Aim of the exercise: Please give back each line below unchanged; none of the pictures should appear.

Stored data:
##########

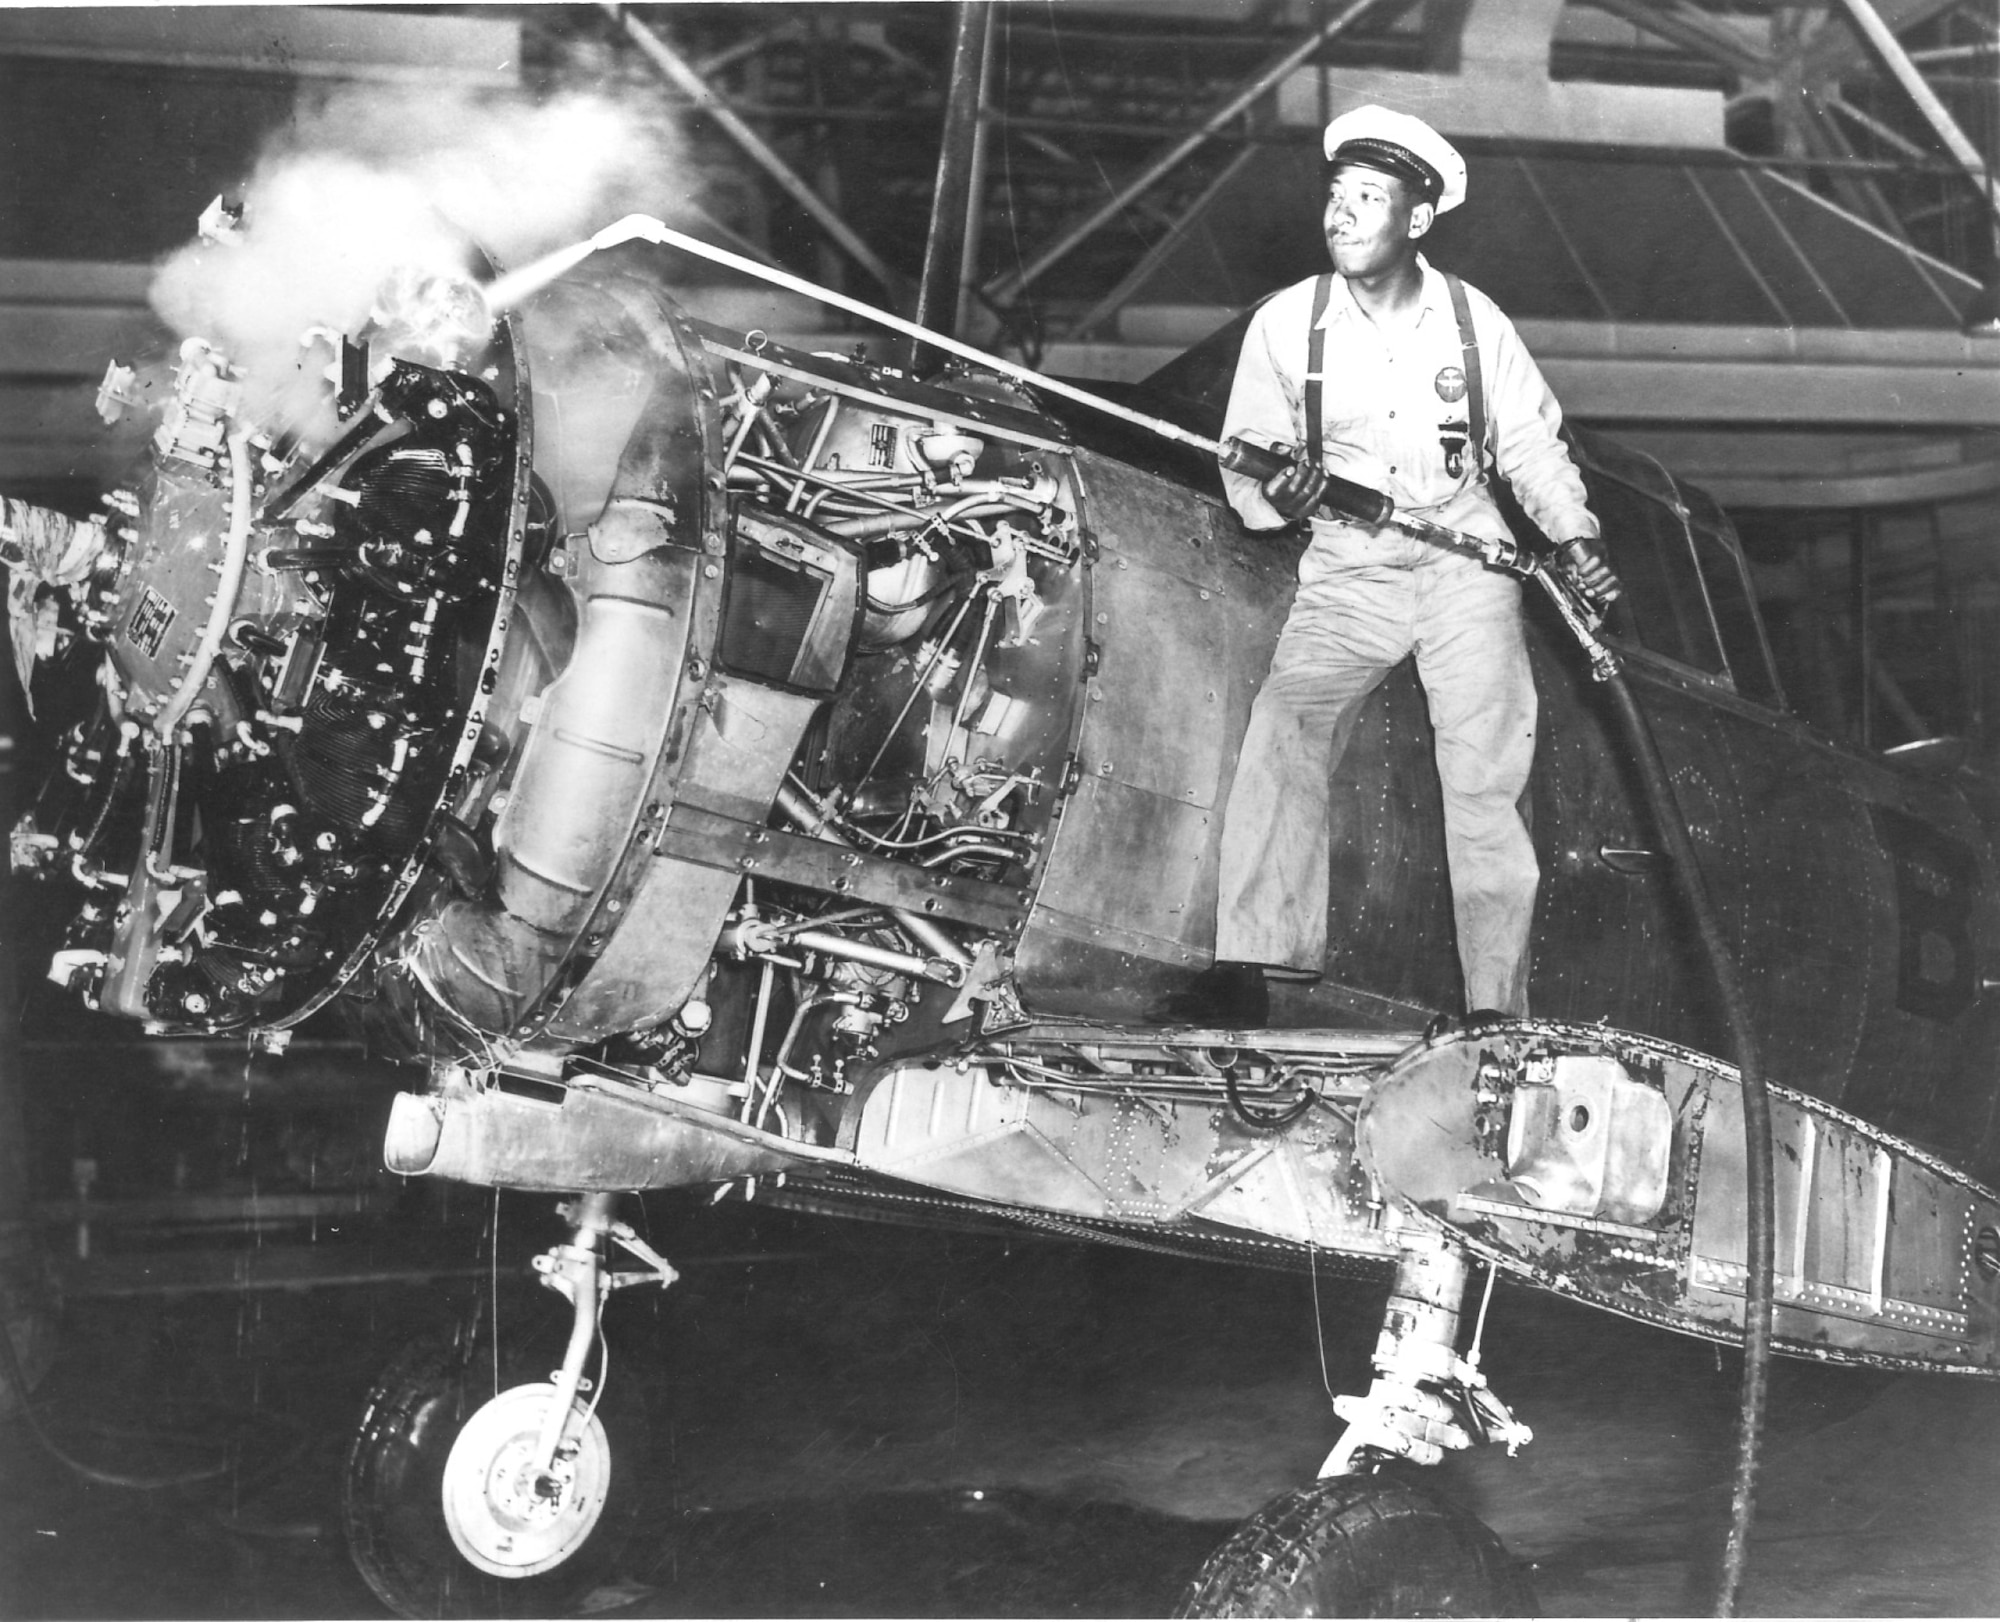 AT-6 engine steam cleaning at Tinker. (Photo courtesy of Tinker History Office)
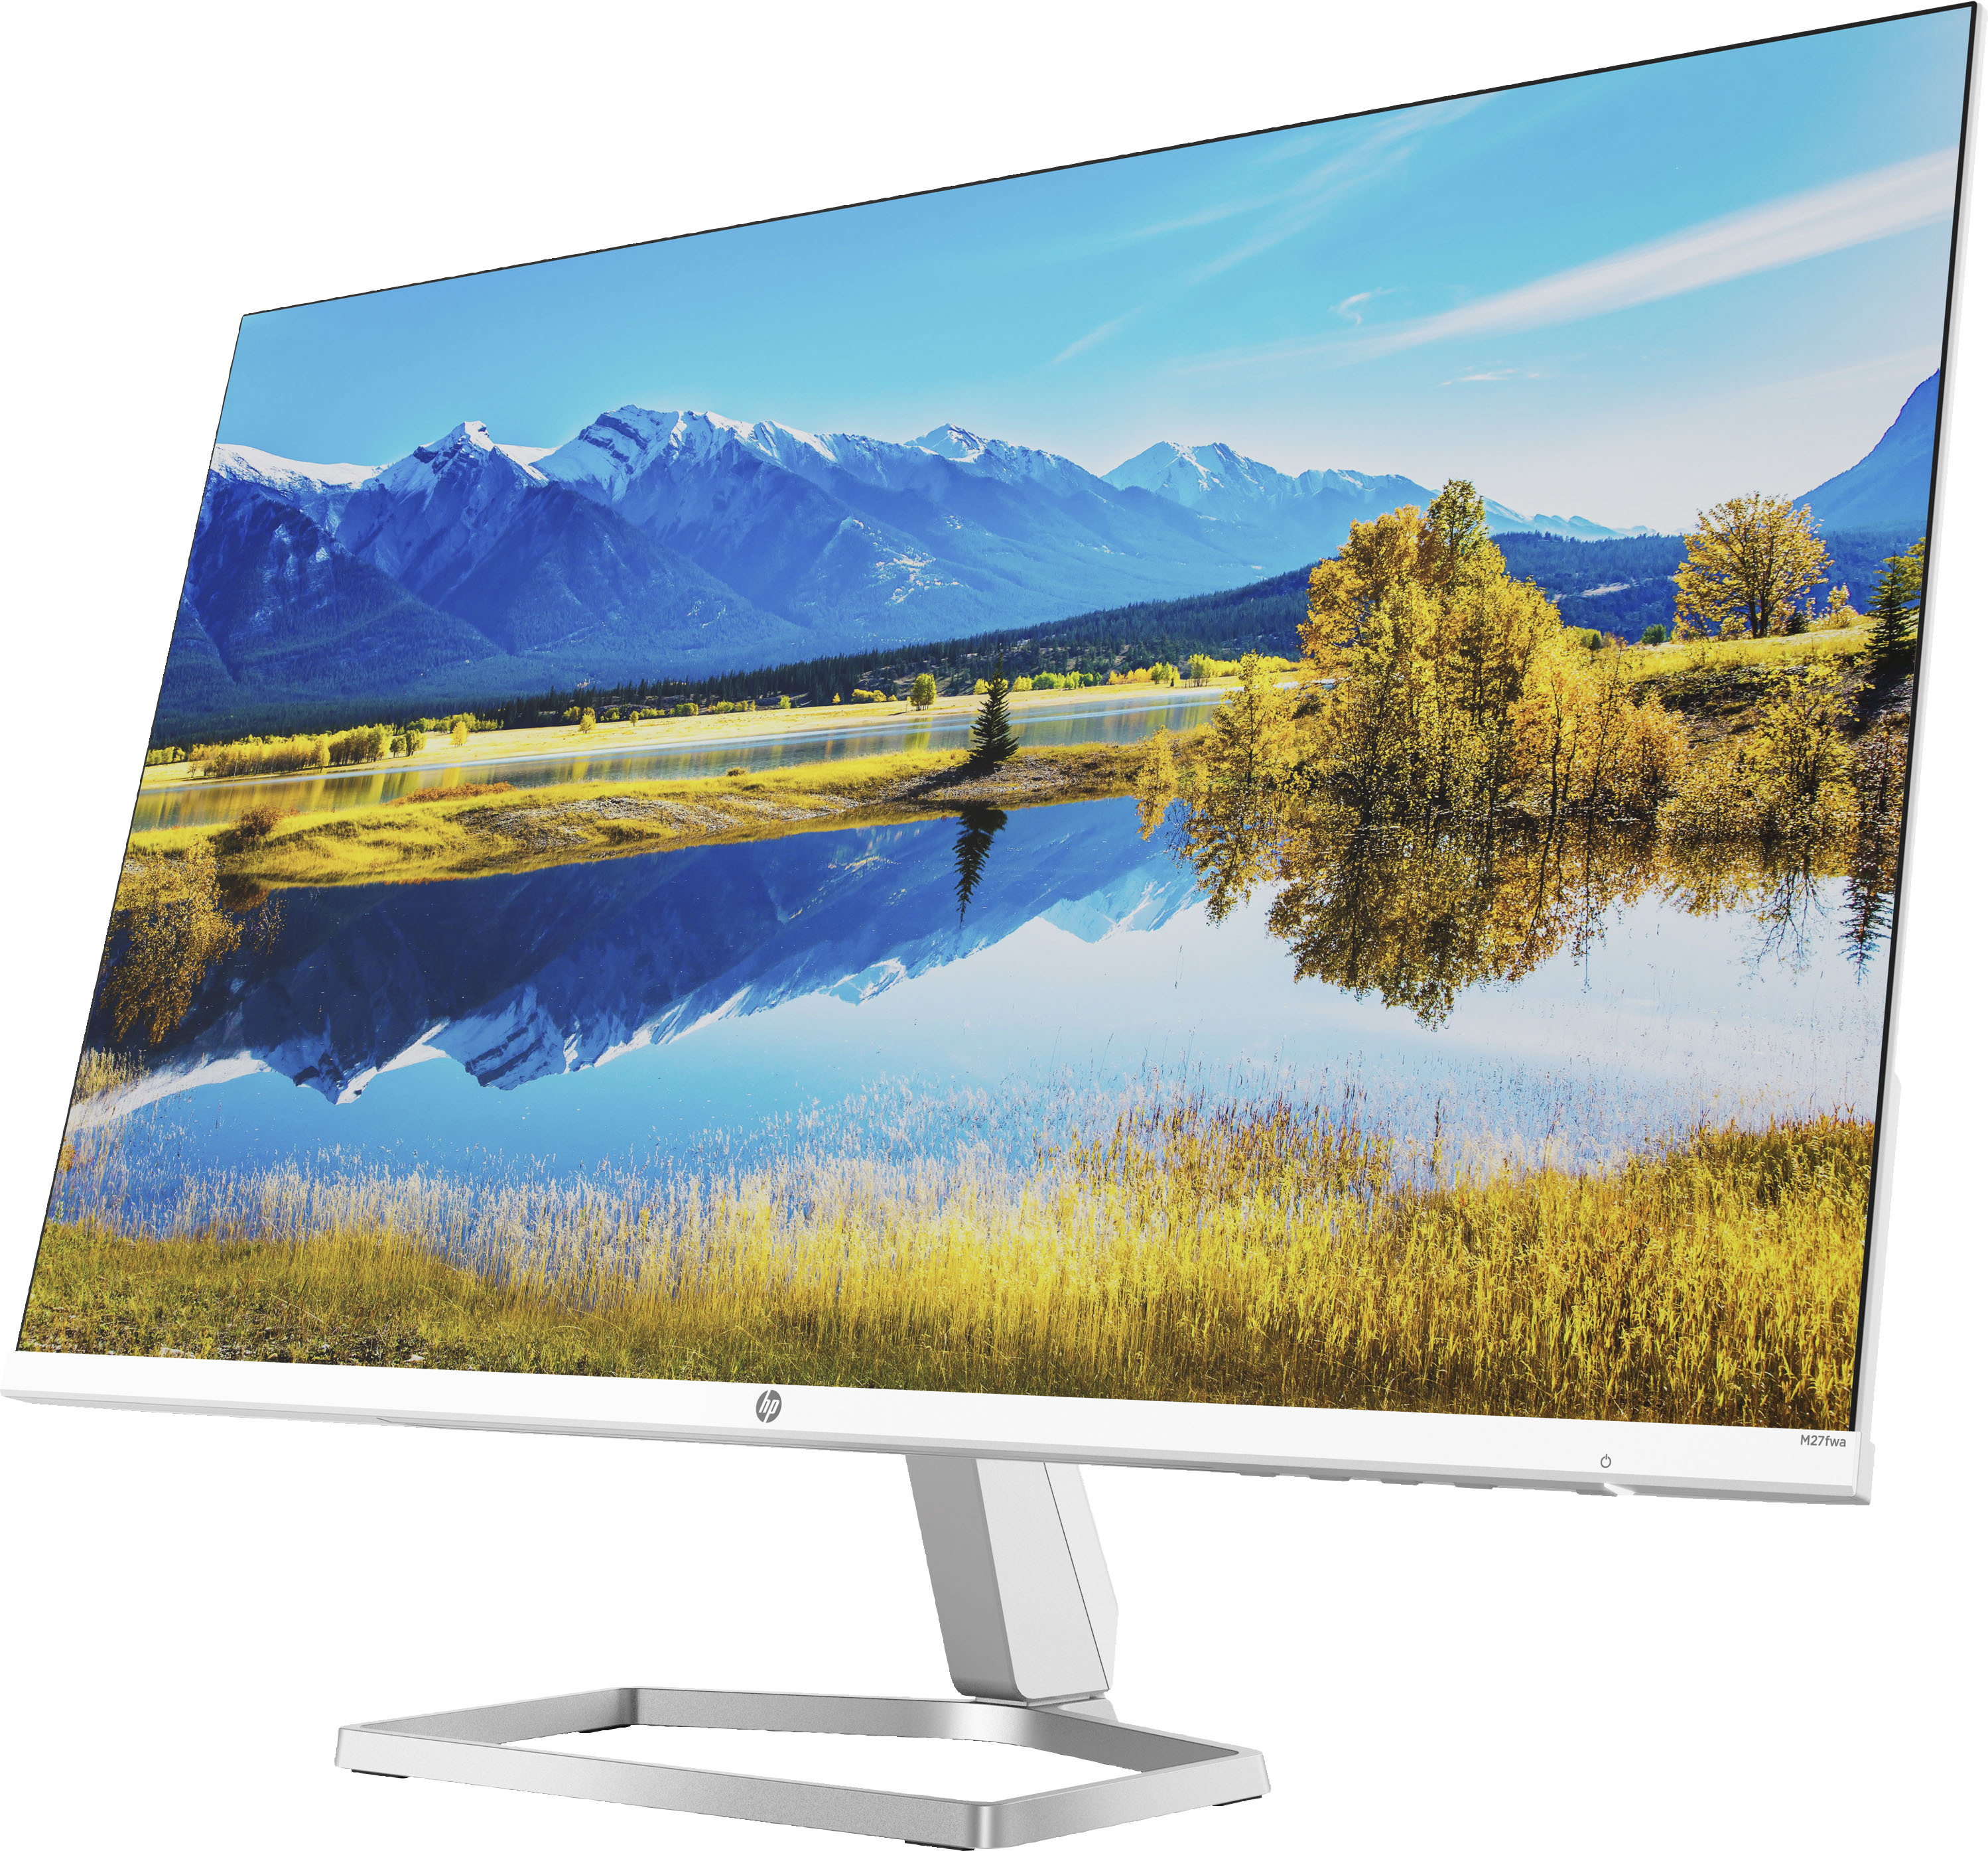 HP 27 IPS LED FHD FreeSync Monitor (HDMI x2, VGA) with Integrated
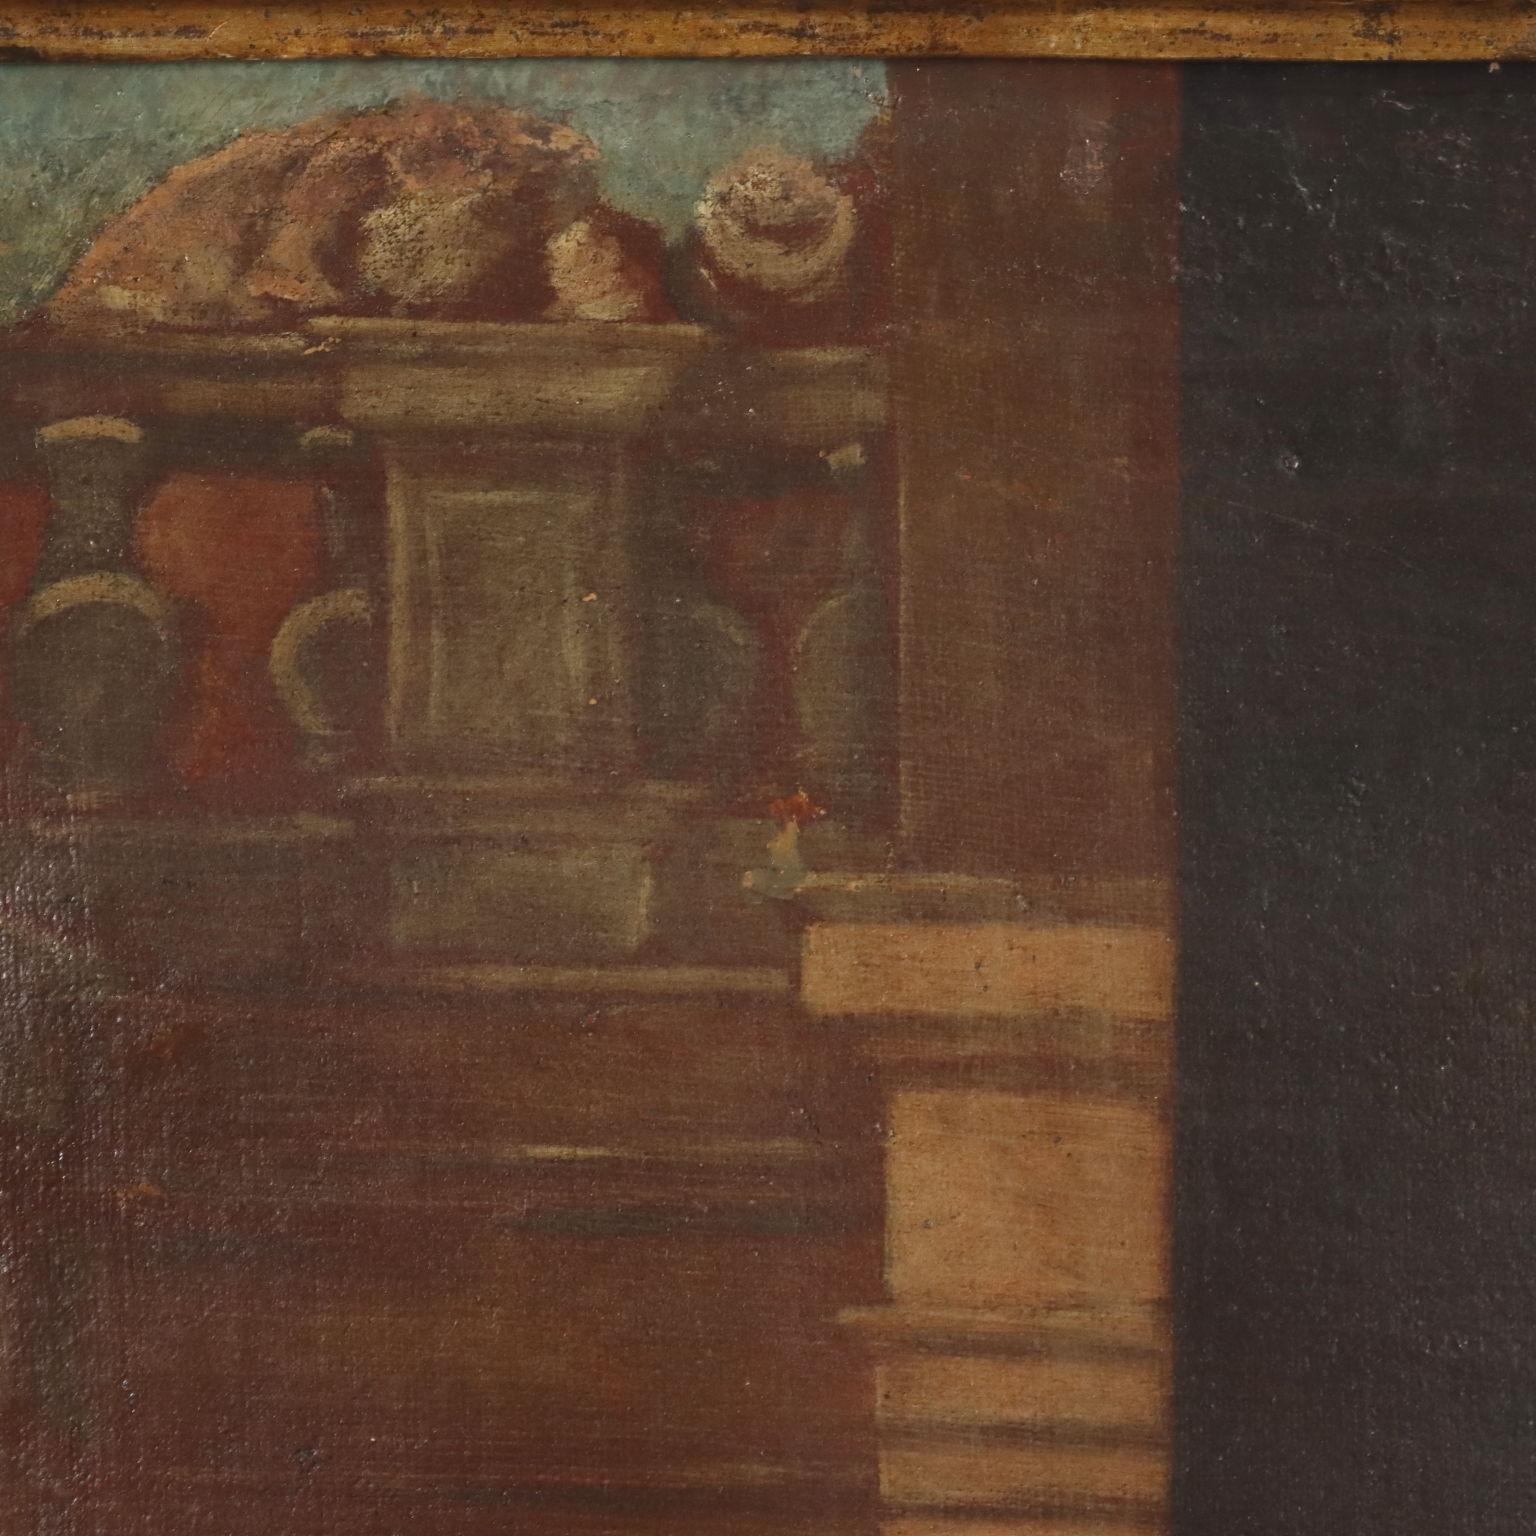 Oil painting on canvas. Venetian school of the seventeenth-eighteenth century. On the back there is a label from the Di Rosa Art Gallery, which attributes the work to the

##########

Expected answer:
 AT-6 engine steam cleaning at Tinker. (Photo courtesy of Tinker History Office)
 HP 27 IPS LED FHD FreeSync Monitor (HDMI x2, VGA) with Integrated
 Oil painting on canvas. Venetian school of the seventeenth-eighteenth century. On the back there is a label from the Di Rosa Art Gallery, which attributes the work to the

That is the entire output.